Each day, the news regarding the Equifax breach, where upwards of 143 million account records were exposed through a flaw in a web service, keeps getting worse. On September 20th, we learned that apparently, the initial breach occurred sometime prior to March 2017 when Equifax hired an outside security company to review their systems but then, nearly four months went by before Equifax cyber-security personnel discovered it extent. And then it was nearly two months later before the general public was told about it. It will likely be months or years till the full details and extent of the breach is fully understood.
There have been many other hacks and breaches over the past several years. Many, like the Yahoo email address breach were much larger, exposing several times more user information. In the Yahoo hack, over a half billion email accounts and passwords were possibly exposed. So why is the Equifax breach far more serious? Because of the amount of personal data that’s stored by Equifax in one set of records. Nearly all important information about individuals including social security numbers, dates of birth, employment information, banking, loans, mortgages, and credit card information is right there. For the “bad-guys”, it’s a treasure trove.
What exactly was exposed? From what we are learning, Equifax isn’t entirely sure. If a hack is done well, and it appears that this one was, it can be very difficult to tell exactly what was viewed or taken. Equifax has reported that they have identified about 200,000 accounts where credit card numbers were stolen.
Before we get into what an individual can do to better protect themselves, here’s what not to do or rely upon:
- All the state and federal governments “going after” Equifax. Most of that is political noise that will likely not result in much. The best that can hoped for will be more individual control of our credit information (something that exists in Europe today) or possibly an insurance pool or something for those who can prove damages due to the breach that would be funded by Equifax.
- For now (and this could change), we’re not recommending signing up for Equifax’s “free” credit monitoring. There’s an arbitration clause in there that could limit your rights later-on. Additionally, their TrustedID Premier service is only being offered for a year. Consumer Union and others have demanded the arbitration clauses be removed and credit monitoring be free for life. In addition, the way in which Equifax has instructed how individuals see whether their data has been exposed has its own set of problems potentially exposing social security numbers yet again.

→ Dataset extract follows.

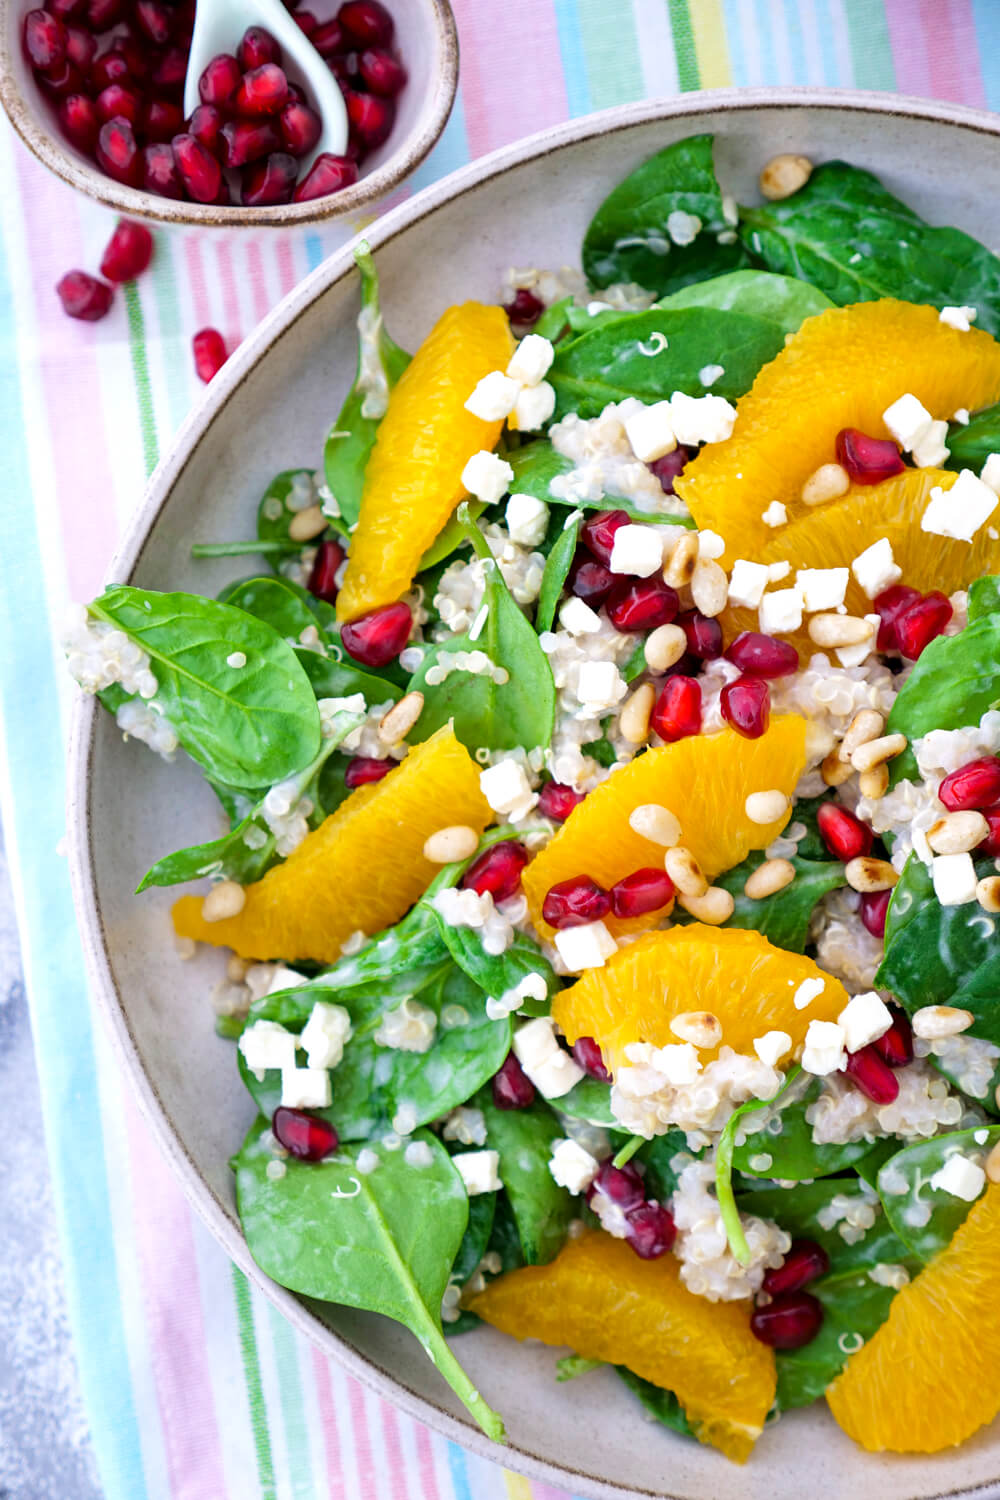 Super gesunder Power-Salat mit Quinoa, Orangen, Babyspinat, Granatapfelkernen, Feta und einem Orangendressing
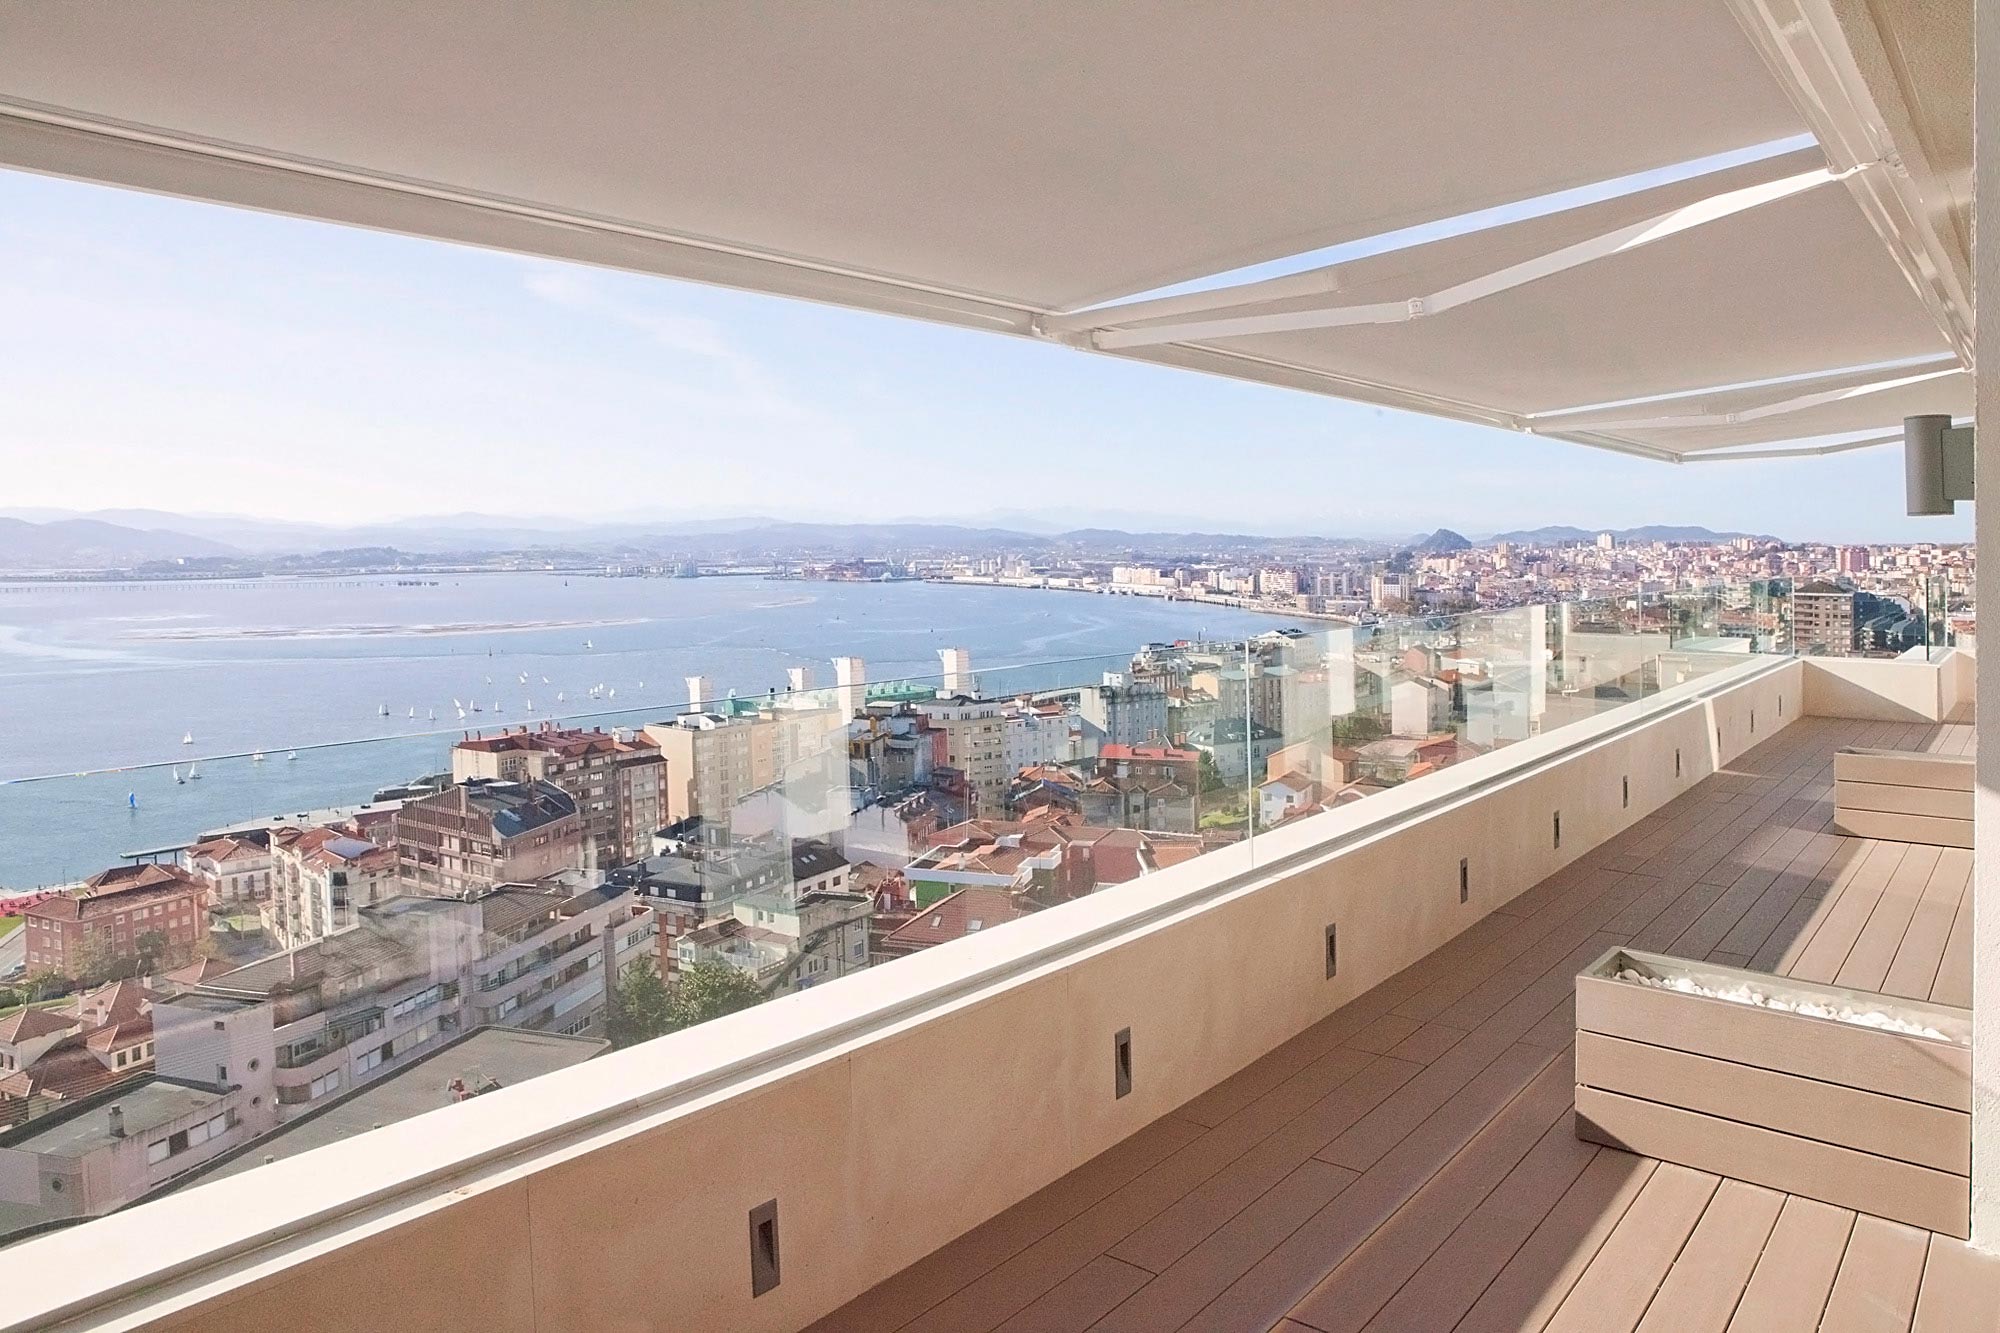 Terraza de diseño con vistas al mar en vivienda de lujo diseñada por Moah Arquitectos en Santander

What should individuals do now?
- Sign up for independent credit reporting information. We use and like Credit Karma. https://www.creditkarma.com/. It works well, is independent of nearly everyone, and it’s free. There are also several others including fee-based subscription programs like Lifelock. These companies and virtually all the others regularly get beat-up by reviewers. From reading these reviews, the most typical issues seem to be around customer service and people expecting services that are not offered. Before signing up, do your homework and adjust your expectations to meet the actual services being provided.
- Consider putting “Two Factor Authentication” on your bank and other accounts where it’s offered. Two factor authentication relies on something you have and something you know. For instance, our bank uses a system whereby for every transaction over a specified amount, as well as changes to passwords, authorized users, etc., we’re required to “authorize” the transaction by entering a random number that is texted to a specified cellphone. If the correct number is not re-entered online within 3 minutes the transaction is denied. We “know” the account password and we “have” the cellphone to enter the random number. It takes both to complete the transaction. Is it more work? Yes, but it keeps a lot of the “bad guys” at bay. We expect to see more use of these techniques to protect credit cards and other accounts.
Freeze your Credit. Unfortunately, this is poor choice of words. Frozen credit means that you need to contact each of the three rating agencies via a PIN Number to add new credit – like to apply for a new mortgage or credit card or to have others look at your credit report. Use of your existing credit is unaffected. The major advantage of this technique is that no one other than you can apply for credit or make changes to any of your accounts in your name. However, freezing your credit takes effort, doesn’t work very well for business people that work with their credit facilities extensively and is currently not free. For individuals that don’t add or change their loans, credit cards, etc. very often, this is a very good solution.
The Equifax hack is getting a lot of attention and unlike other breaches, this one directly affects the pocketbooks and wallets of the majority of Americans. There will be plenty of news stories, both accurate and not and various dire predictions by some, but in the end, I think some improvement will occur in our systems to better protect our credit information.